▸ **What to work on**: Transcribe the full listing exactly, and drop every picture.
─── Provided data ───
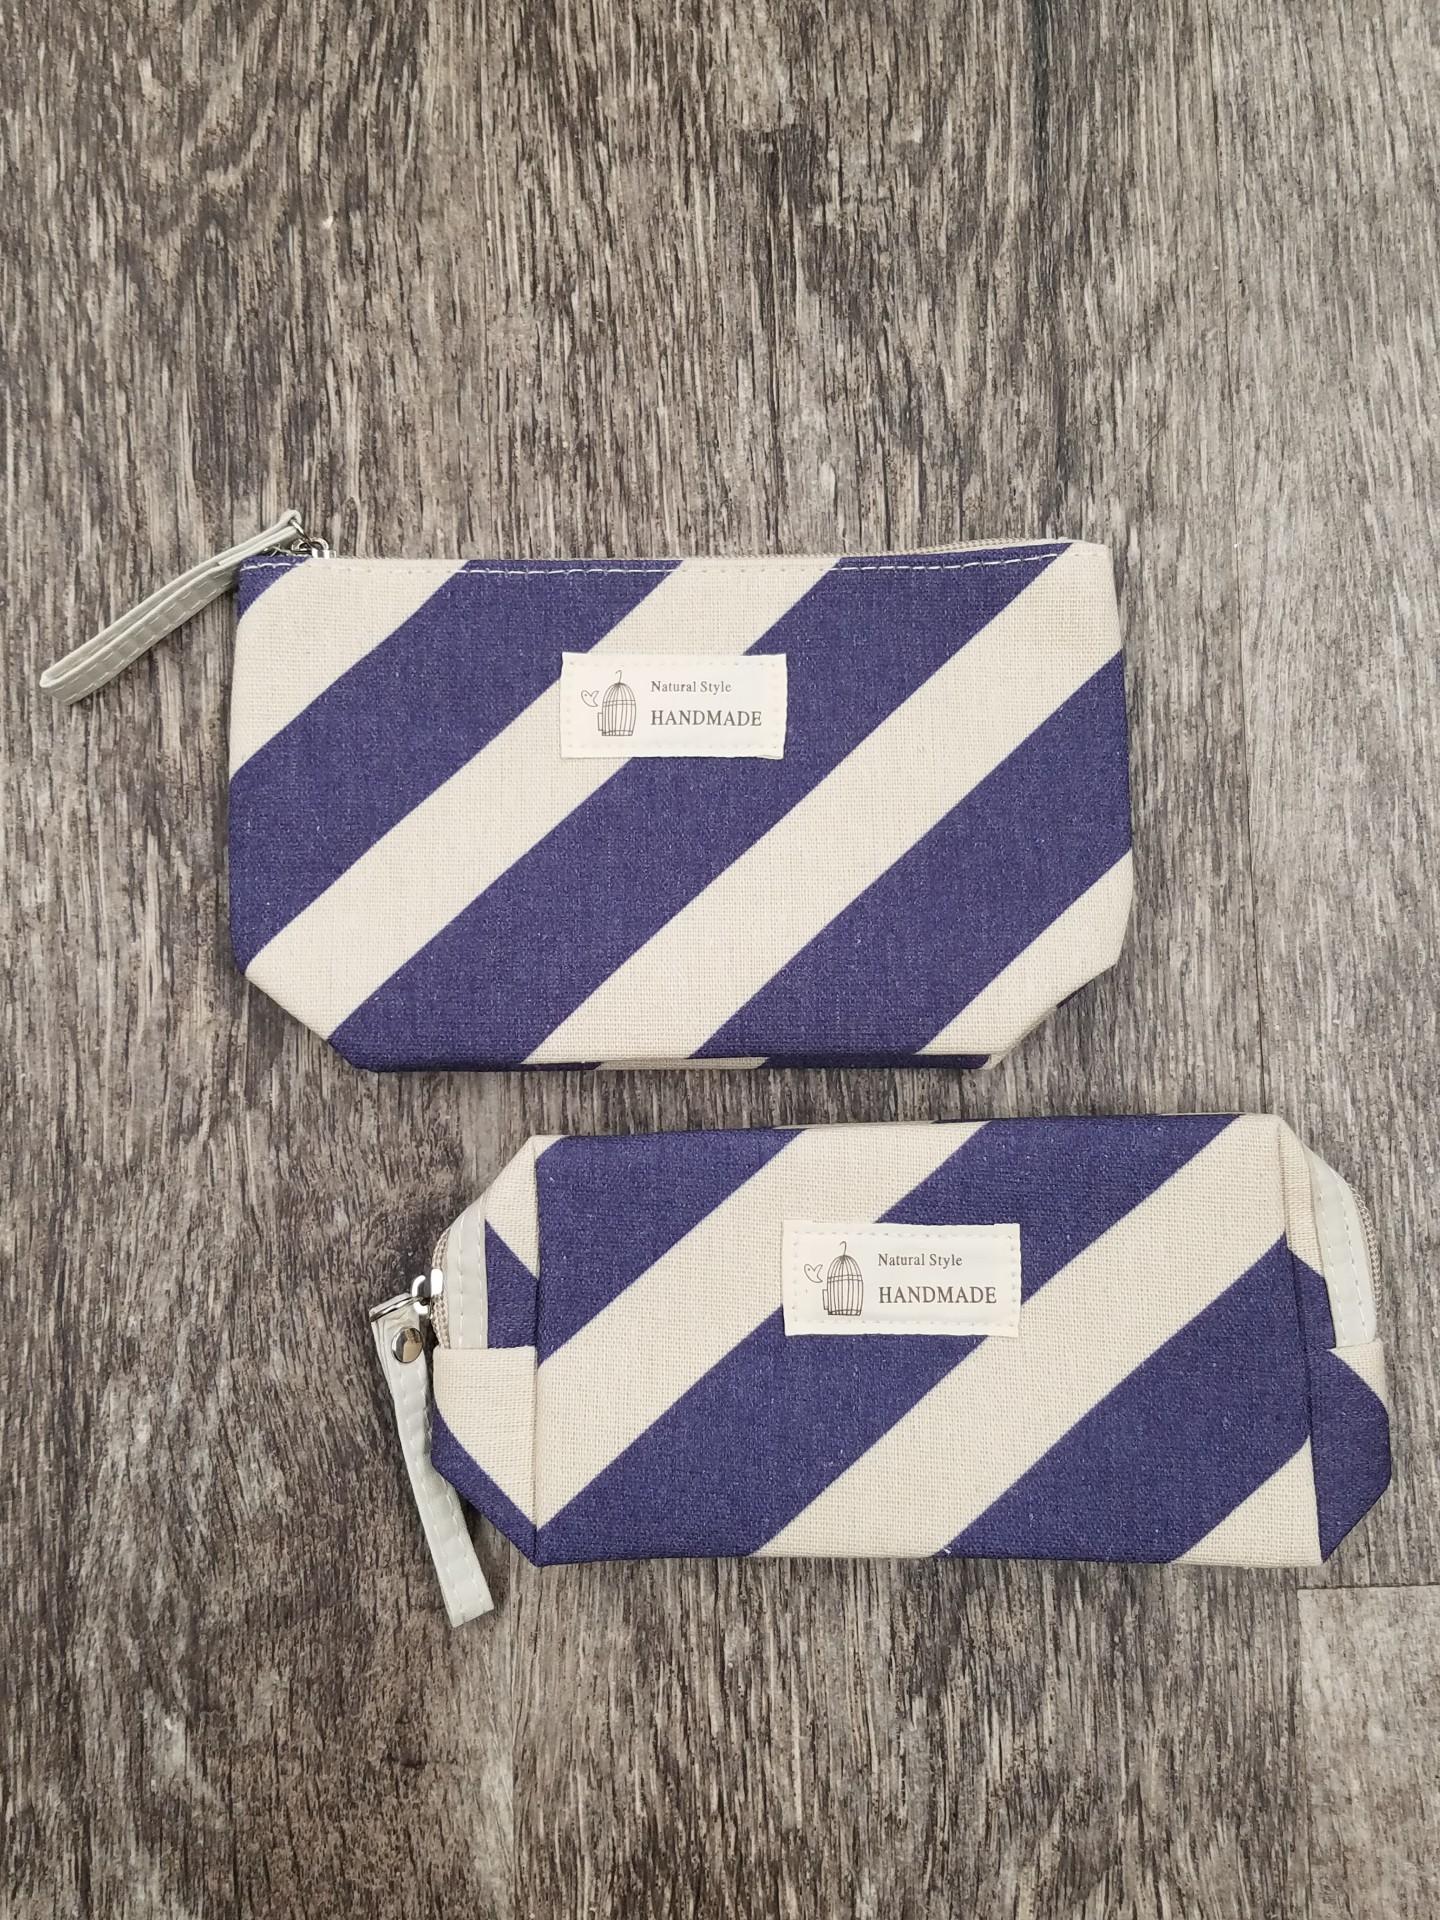 Blue Striped Makeup Case
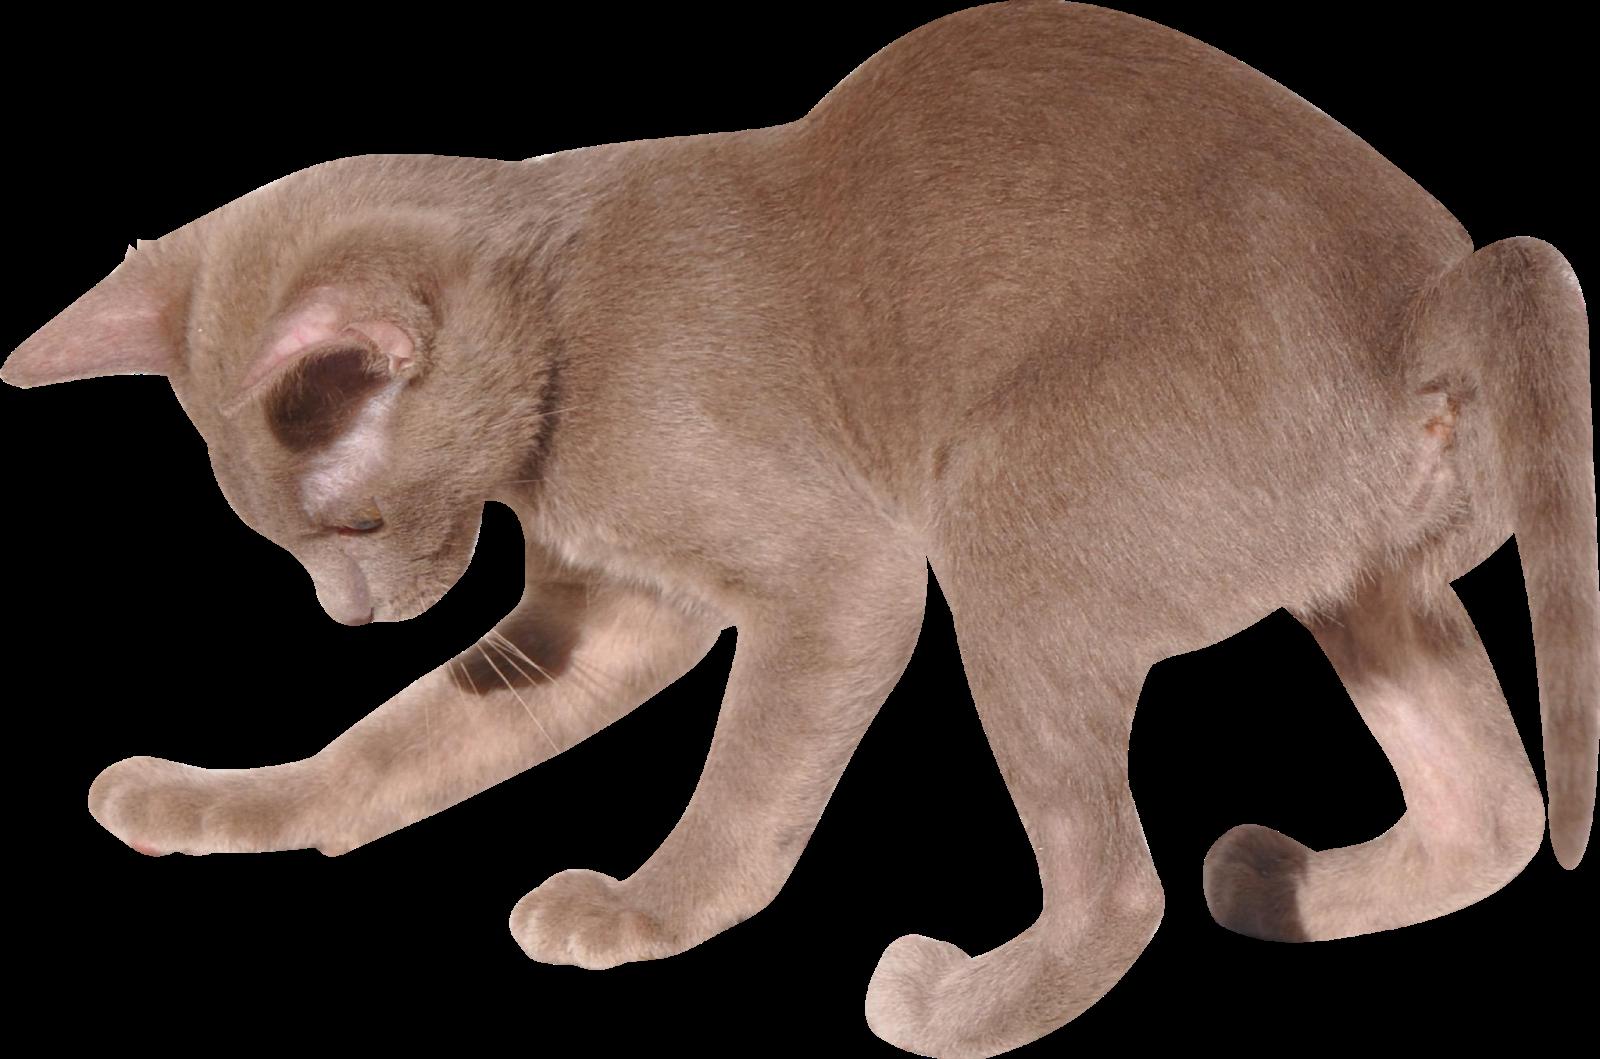 Dry cat food bag clipart. Free images digital kitten
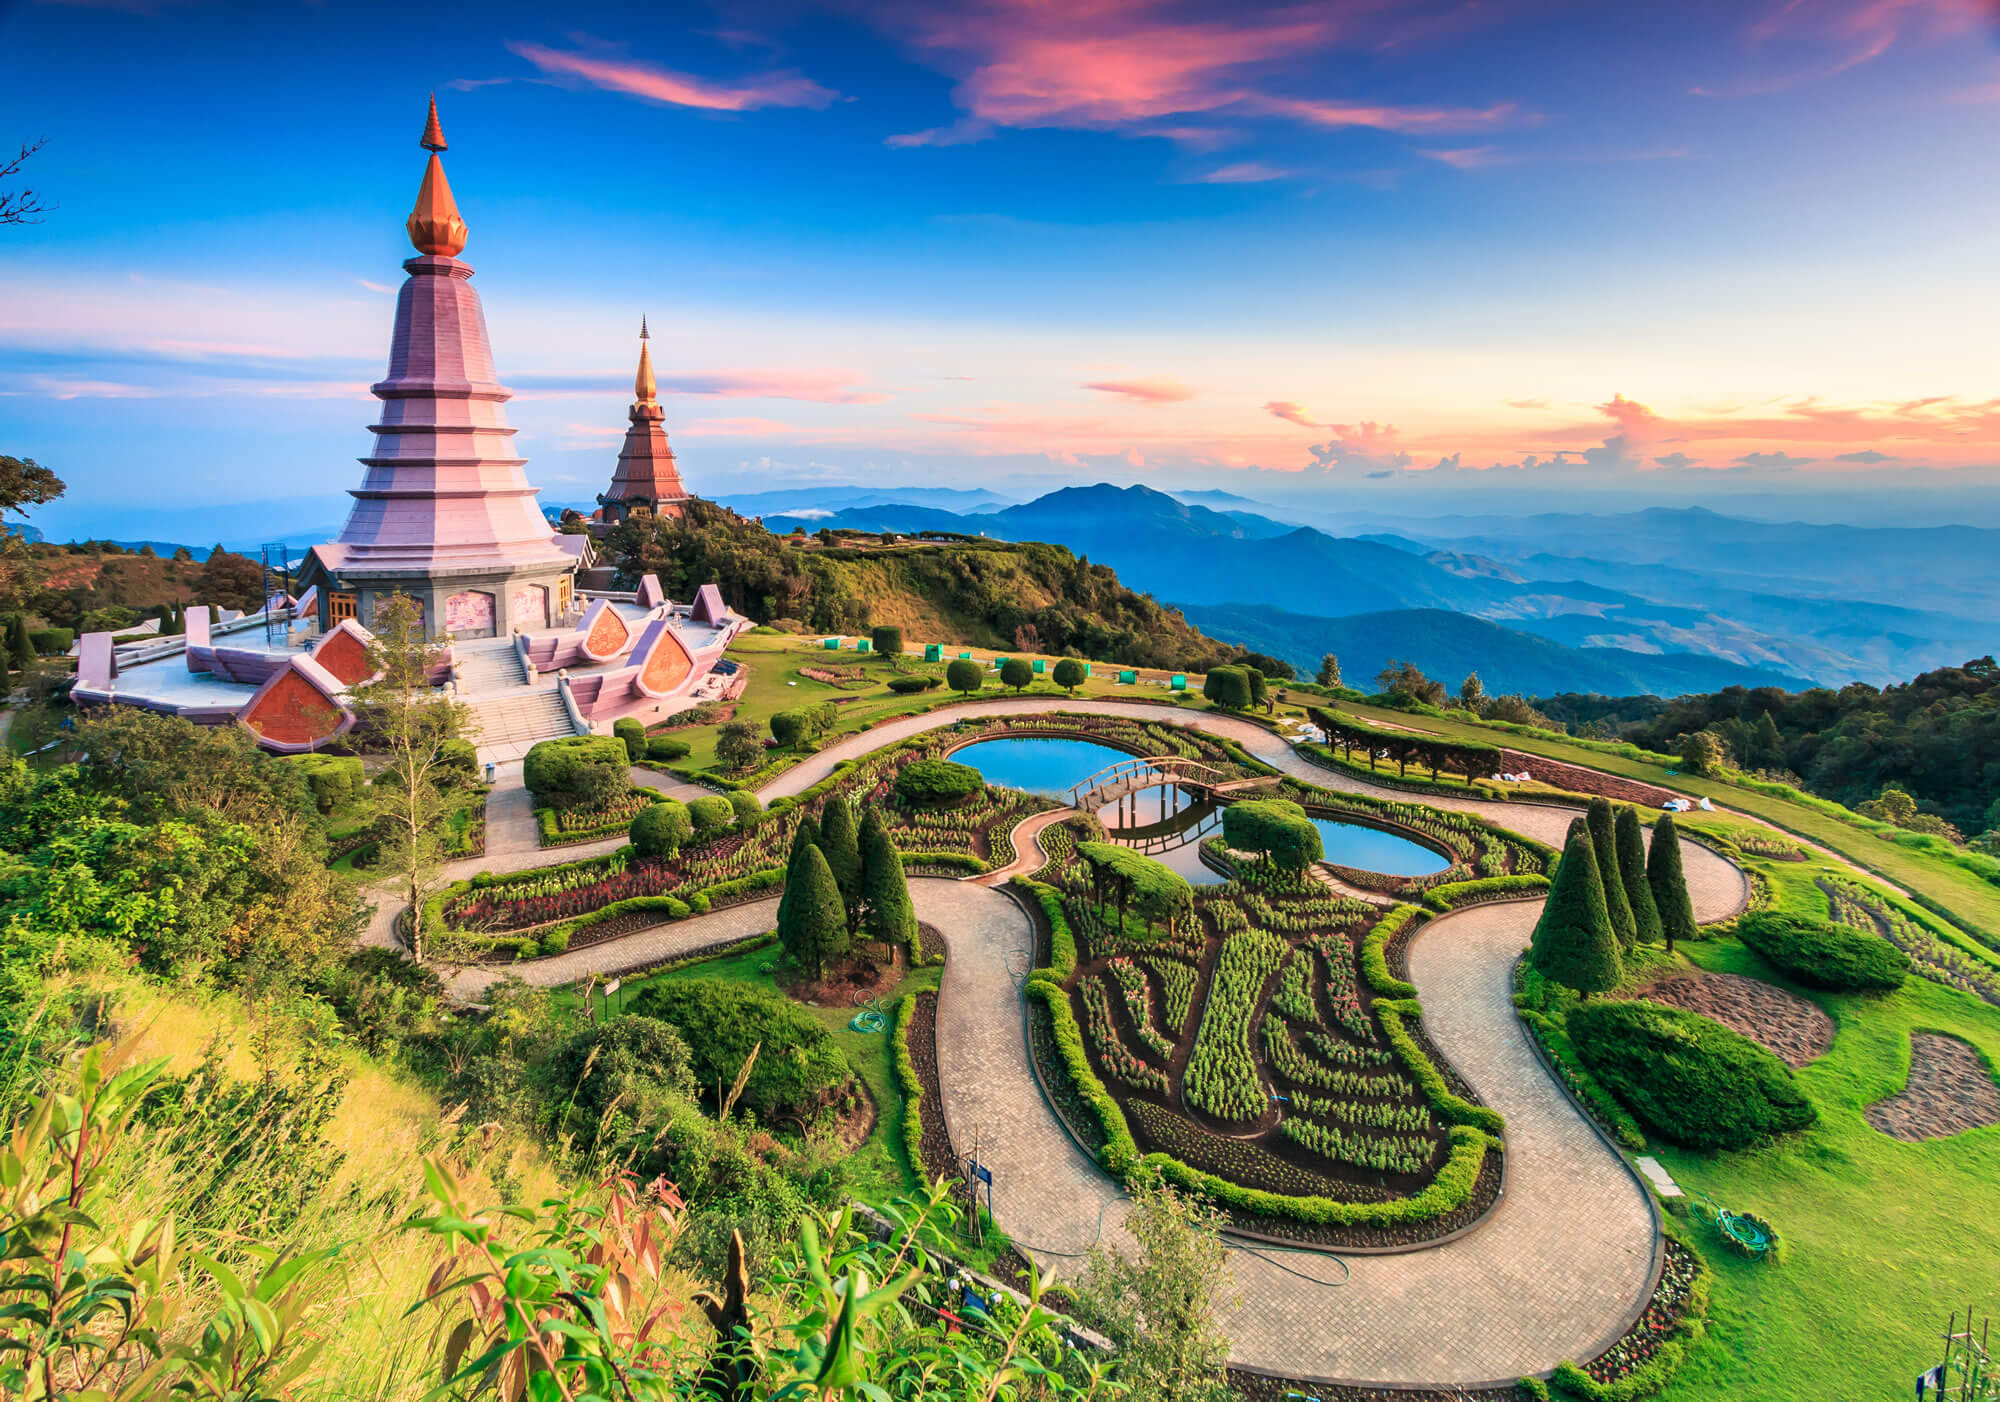 Inthanon national park, Thailand
───
▸ **Response area**:
 Blue Striped Makeup Case
 Dry cat food bag clipart. Free images digital kitten
 Inthanon national park, Thailand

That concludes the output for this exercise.